As tools in the police arsenal go, pepper spray is a relatively new one on the market.

The super-concentrated oleoresin capsicum started showing up in North American police holsters about 10 years ago.

It is, however, not without its detractors. Four mentally ill people have died in Canada after being pepper-sprayed.

The most recent, Kasim Cakmak, a 37-year-old schizophrenic, died May 11 in Edmonton.

The spray isn't lethal on its own. However, the intense irritation caused by pepper spray can aggravate conditions like asthma.

It was with that in mind that I decided to take a blast in my own face.

The fact that more than half a dozen Mounties showed up to watch the proceedings probably should have been an indicator that there would be some entertainment value in this.

"I want you to walk towards me, and I'm going to spray you right here," said Cpl. John Milner, pointing at a spot between his eyebrows.

Milner trains his colleagues in Yellowknife on the use of pepper spray.

"After I hit you, keep walking towards me to see how far you get."

Not very far, that's for sure. The spray is very oily, and the last thing I see is the droplets coming my way as I walk into them.My eyes immediately start to close and the burning is unlike anything I've ever felt before. I'd had my mouth slightly open, and I remember tasting something vaguely akin to a really potent hot pepper.

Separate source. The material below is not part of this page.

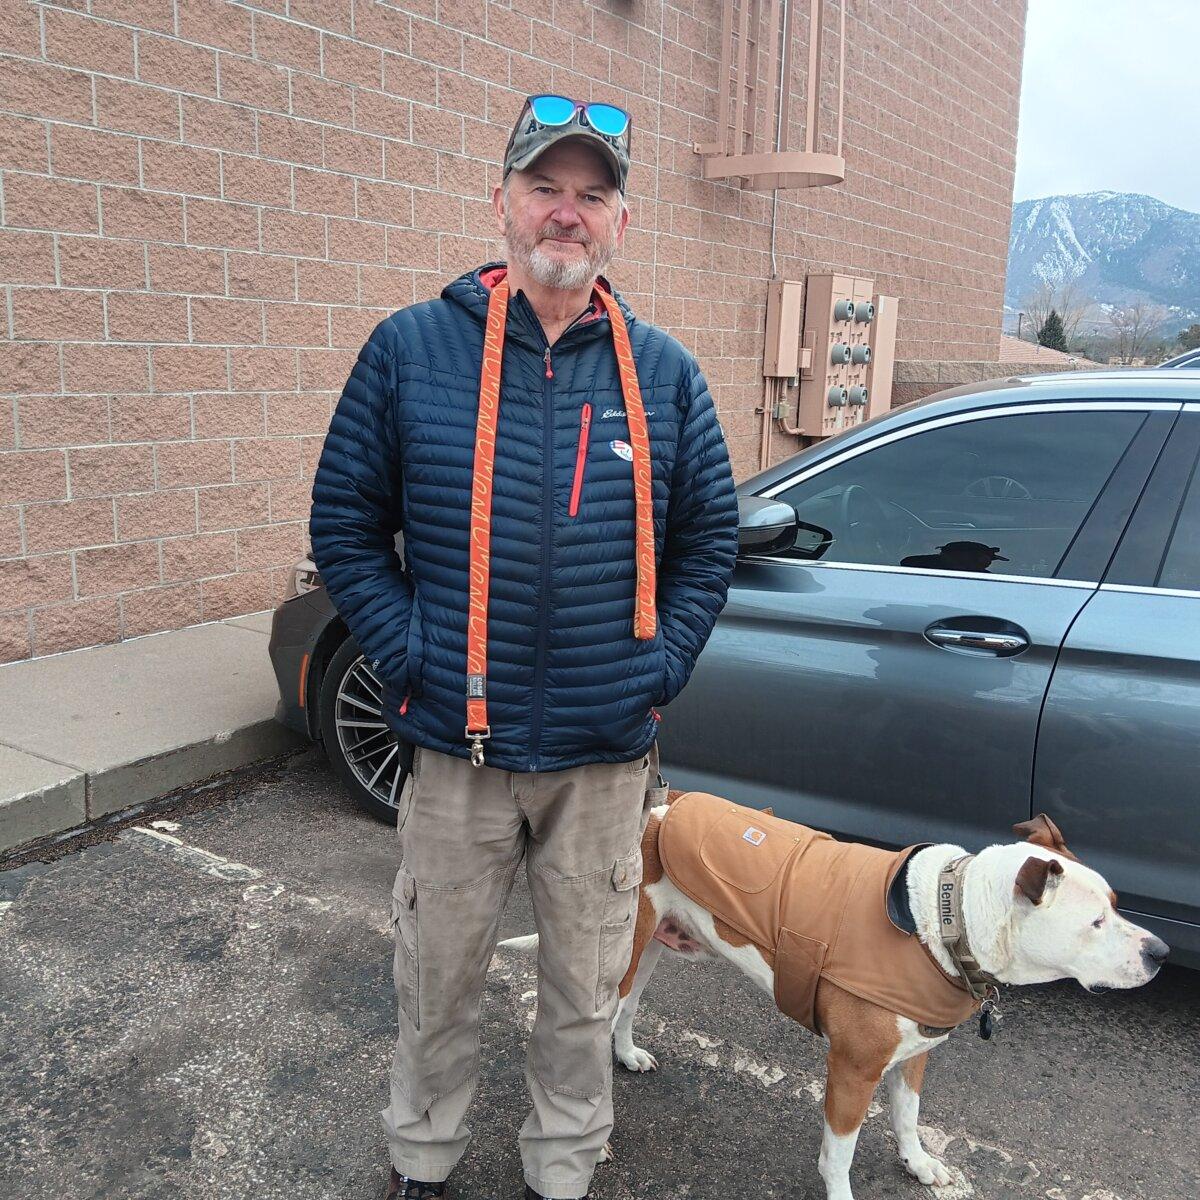 Michael Staunton with his dog, Benny, outside a polling place in Monument, Colorado, after voting on Super Tuesday, March 5, 2024. (Nathan Worcester/The Epoch Times)

I might have advanced two steps towards Milner before I was completely disoriented. I remember stumbling, then standing up straight and grabbing at my face before I had a horrible moment of clarity.

"Don't touch your face, you idiot," I thought to myself, or else anything my hands touched would start to burn.

There's a scary moment where it feels like my throat is closing up, and I can't breathe. Right about then, someone grabs my arm and marches me over to an eye wash station at the detachment. "Hold your eyes open and stay under the water for about 15 minutes," a voice, presumably Milner's, tells me.

After a thorough dousing with cold water the pain is still almost unbearable. I can open my eyes, though.

Milner tells me to step outside and walk in whatever direction I can find a breeze. "I'll bring you a towel to pat your face dry," he adds.

"Thanks," I reply. It's probably the second dumbest thing I've said, thanking the guy who just gave me a face full of pepper spray.

The most inane thing I said that day was, "I was wondering if someone could pepper spray me today."

Two hours after the experience, my face was still burning. Later that night, I went out for drinks with friends. As the night wore on and the bar got warmer, the pores on my forehead opened up, making it feel like it was on fire. My hands were still burning two days after being sprayed.

Tear gas is nowhere near as brutal as pepper spray

I had thought being pepper sprayed wouldn't be all that bad. I had been tear-gassed when I was in the military, and had expected it to be similar in intensity. Tear gas doesn't hold a canister to this stuff. There's very few times in my life where I've been in this much pain.

Amazingly, the spray is not always effective.

Milner says some people, especially those who are "severely intoxicated, or on drugs sometimes don't feel it."

As he's telling me this, I'm frantically trying to find a breeze to turn my face into. Tears and mucus are streaming down my face. It's a hit with the police, who don't laugh, but can't seem to conceal their grins.

As the show ends and the police start going back to their appointed tasks, one officer sympathetically says, "We've all been through it ourselves, so we're not laughing at you, we're laughing with you."

Another observer, not a police officer, looks straight at me and says, "That's fine for them. I'm laughing at you."